[Opening Records provided section]
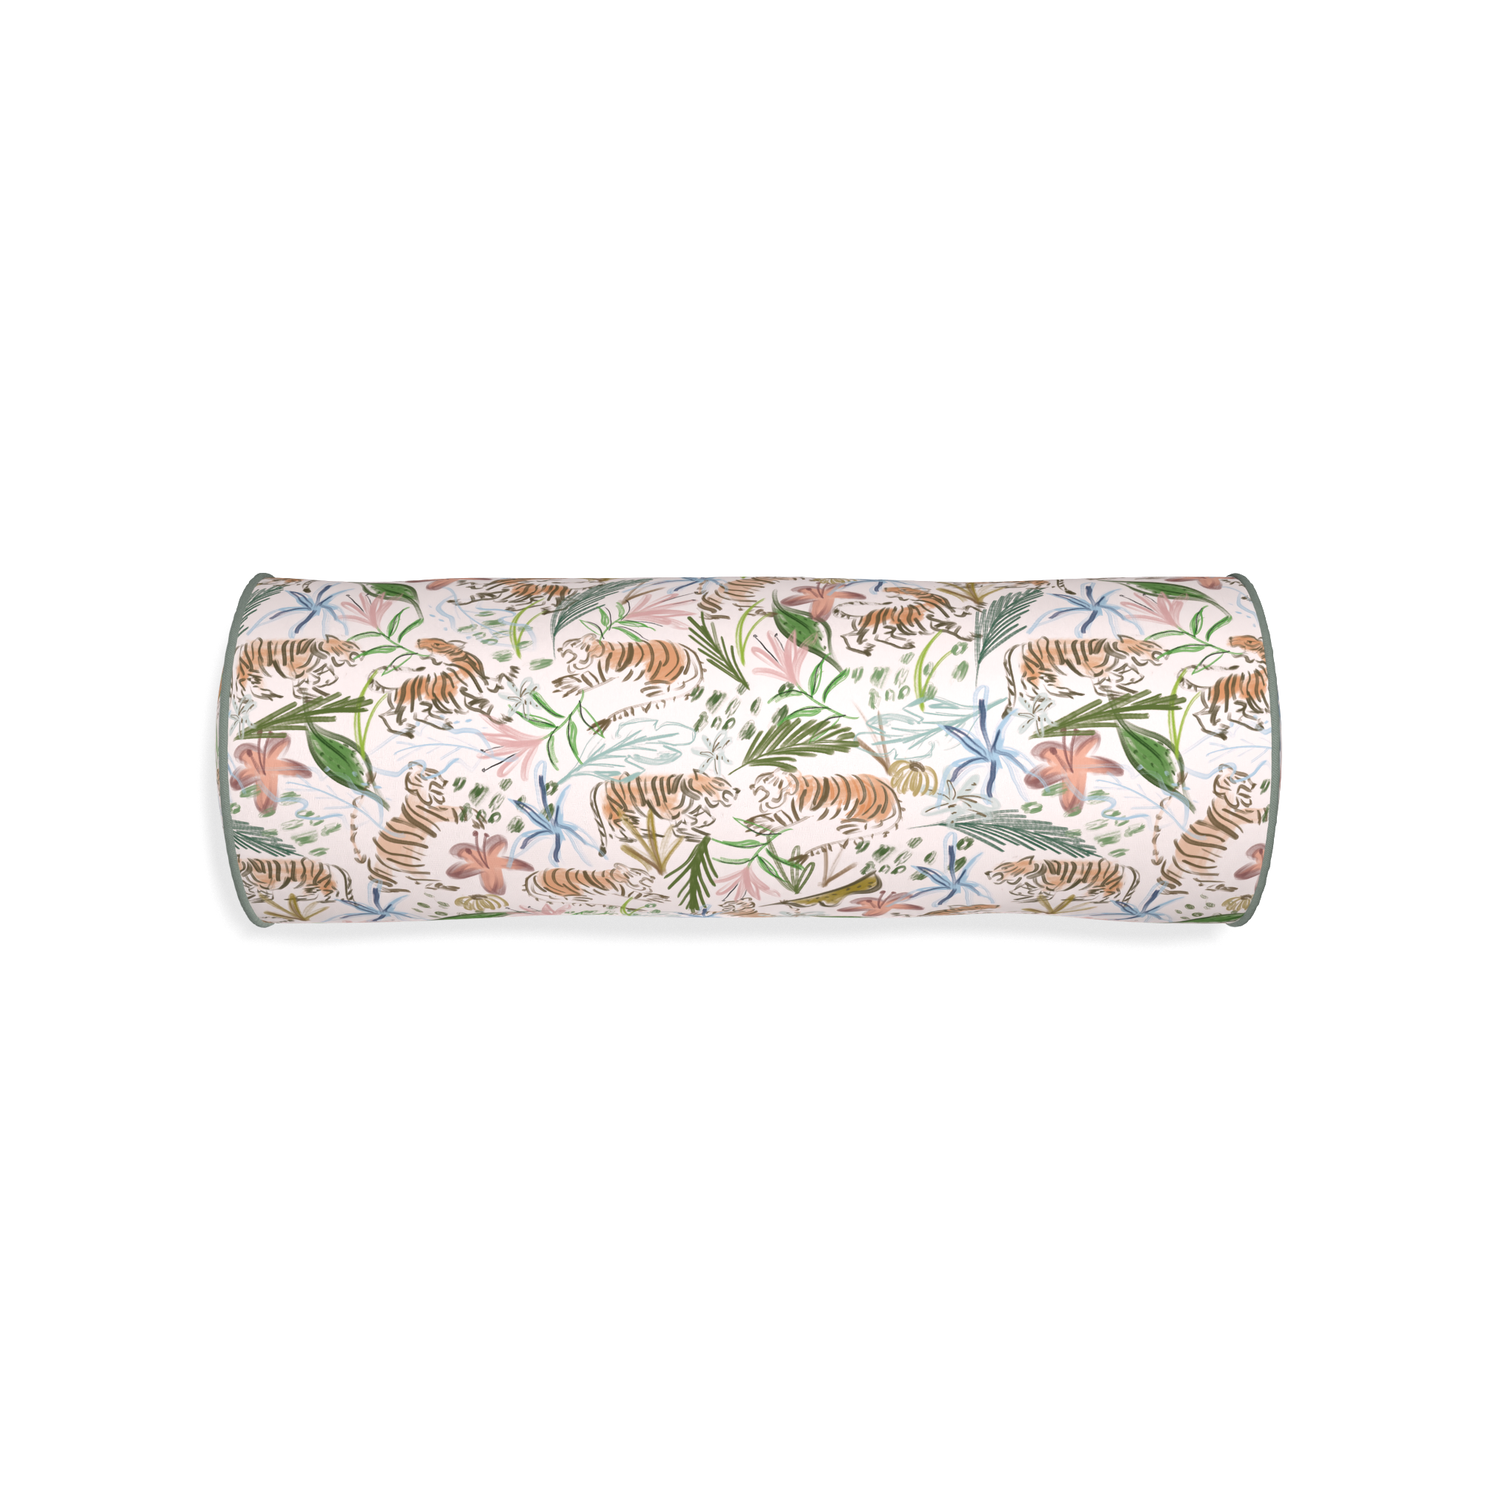 Bolster frida pink custom pink chinoiserie tigerpillow with sage piping on white background
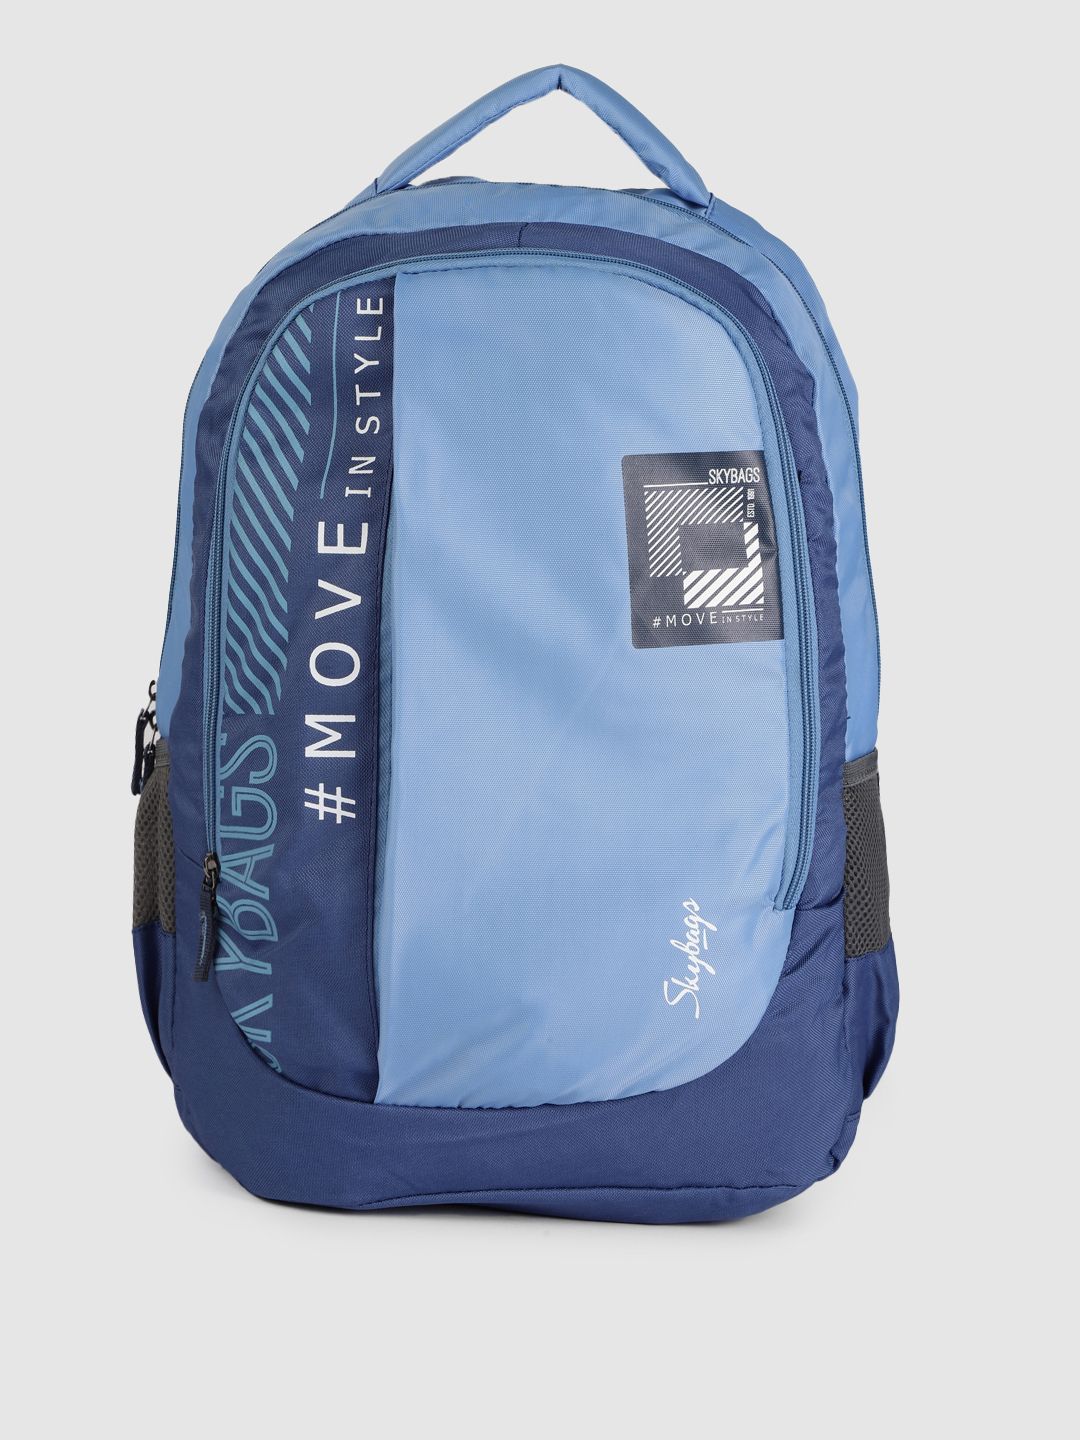 Skybags Blue Typography Backpack Price in India
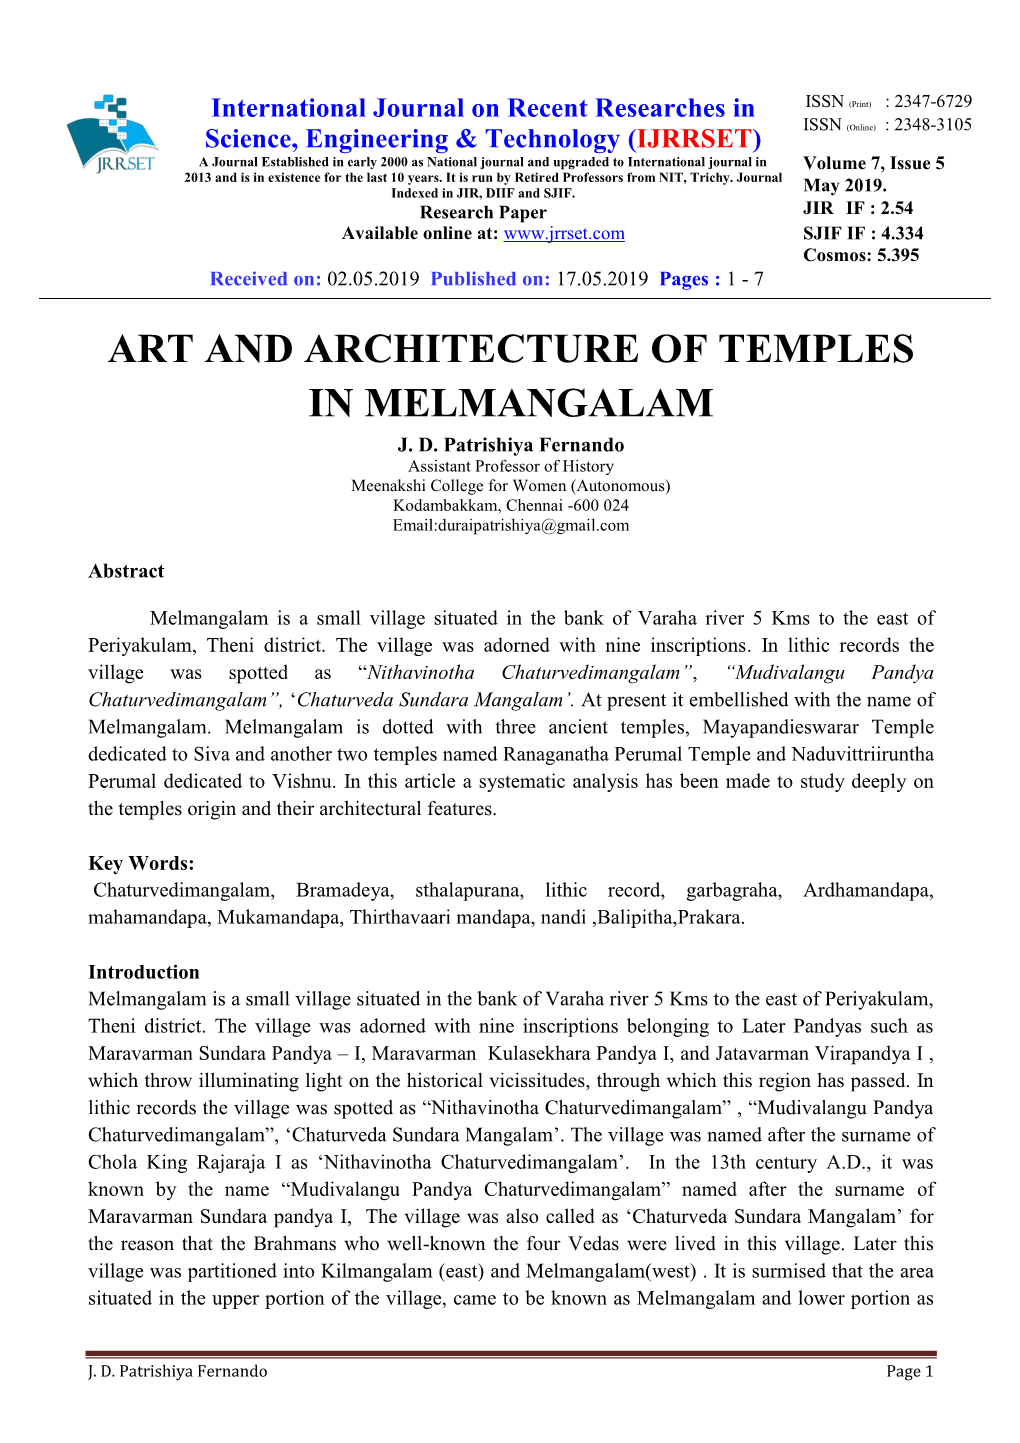 Art and Architecture of Temples in Melmangalam J
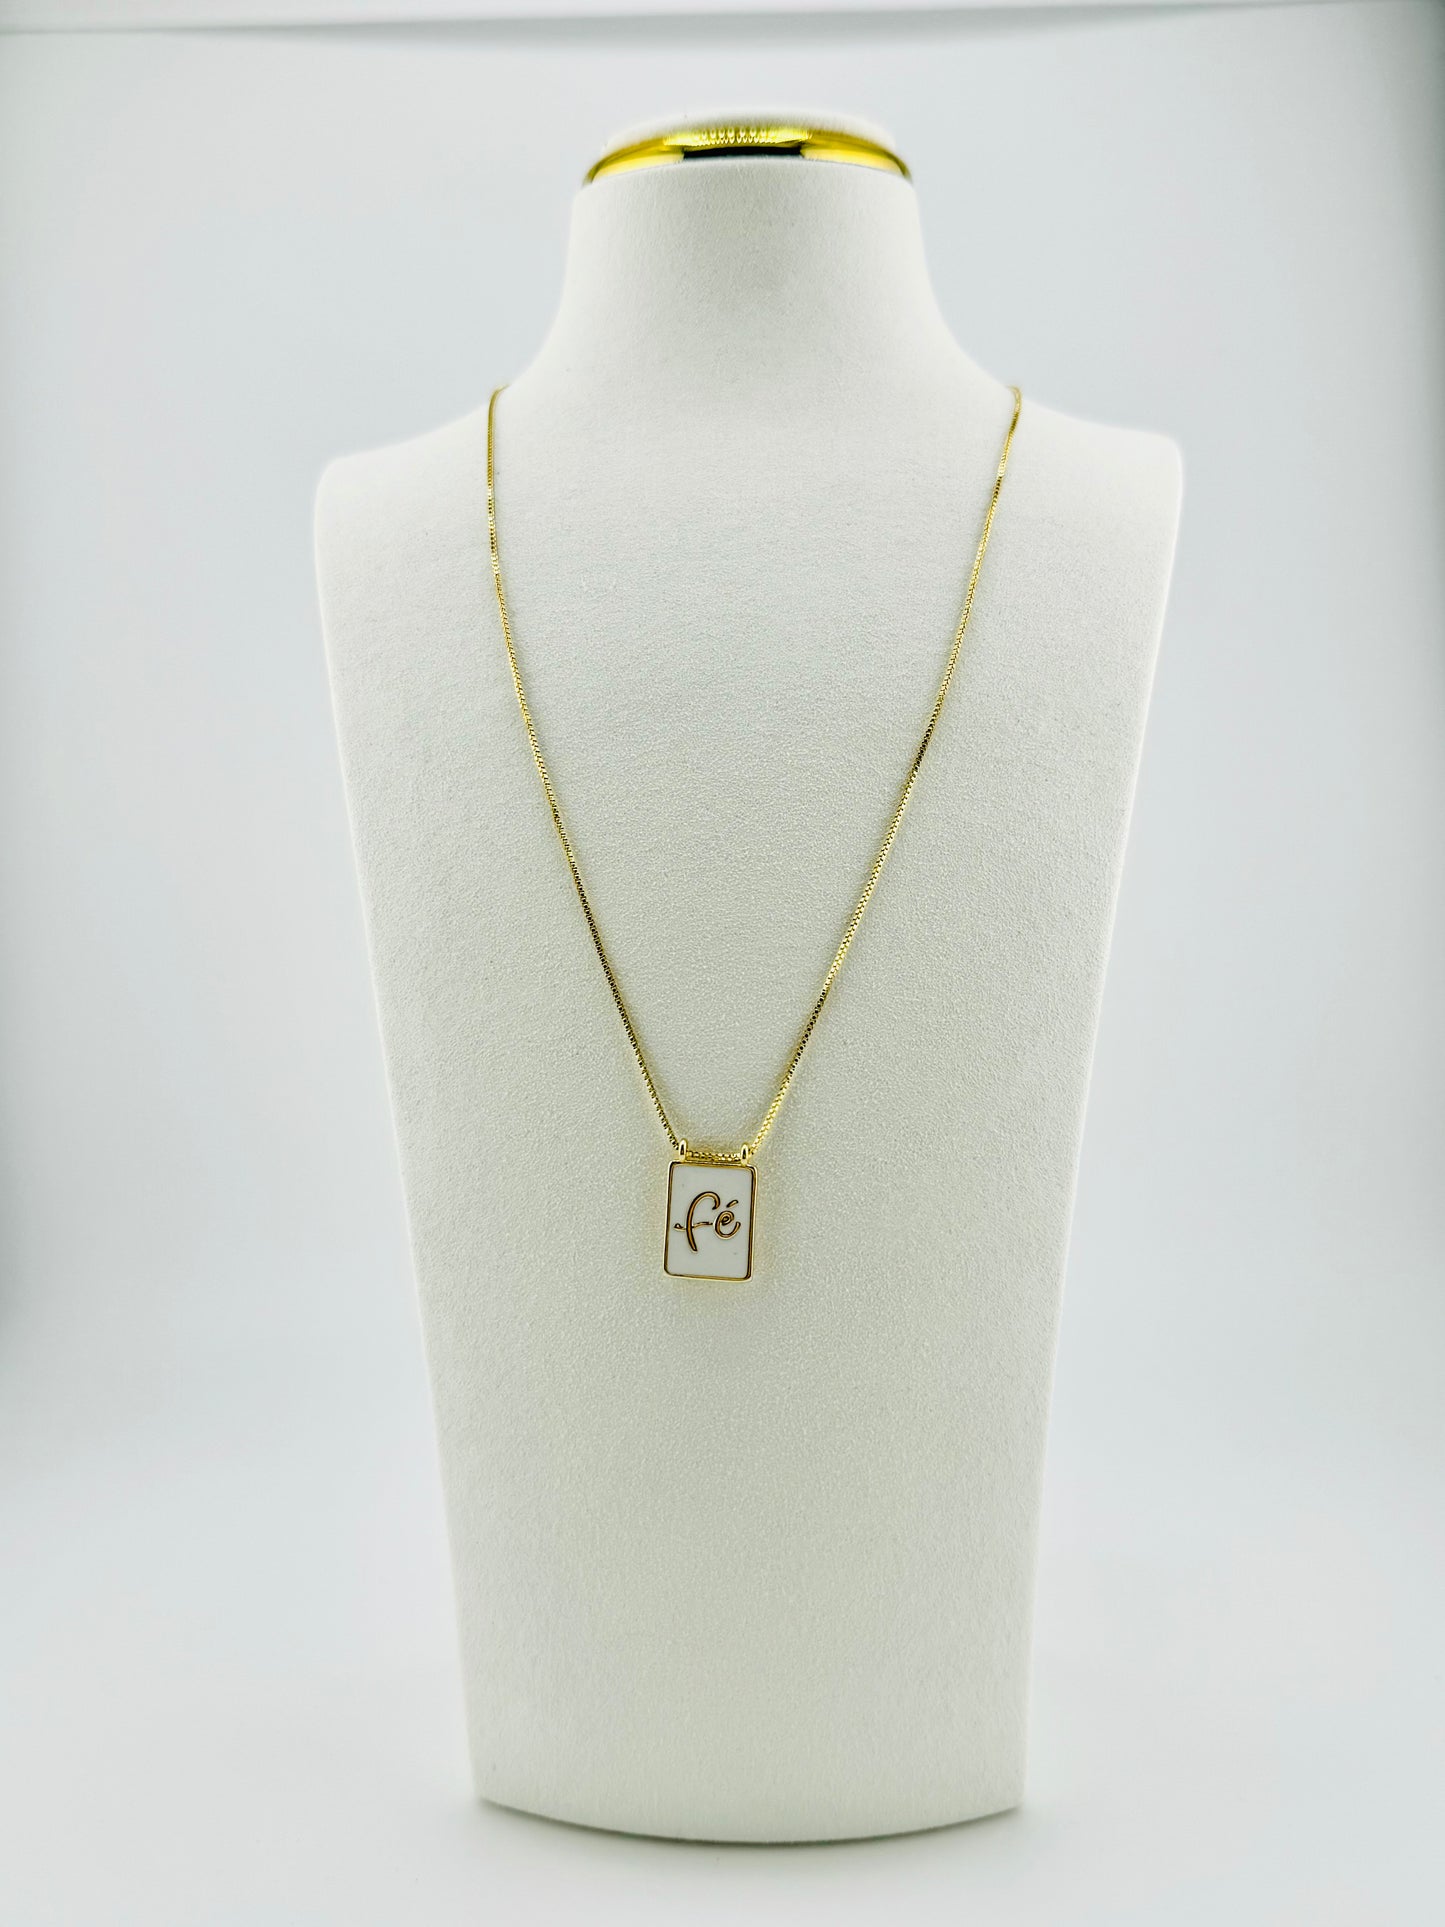 Faith 18k gold filled necklace
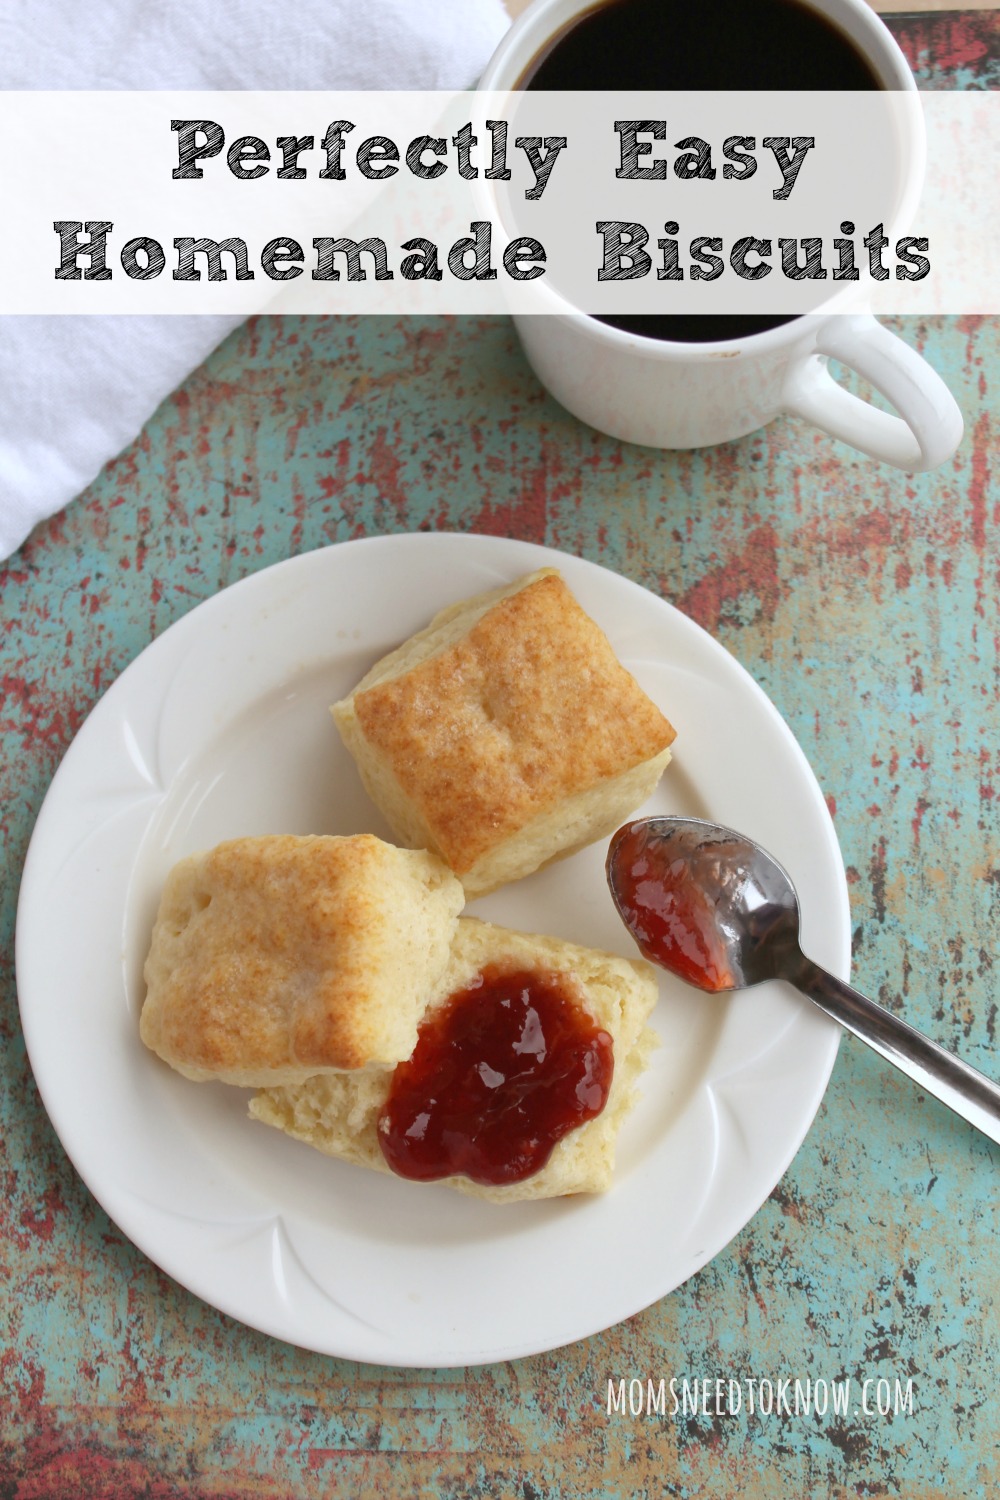 Perfectly Easy Homemade Biscuits
[Closing Records provided section]
Exercise instructions:
Starting at the line with "Art and Architecture", transcribe the listing above exactly through its last line. No picture belongs in the transcription.

Finished exercise:
 Art and Architecture of Temples in Melmangalam J
 Faith 18k gold filled necklace
 Perfectly Easy Homemade Biscuits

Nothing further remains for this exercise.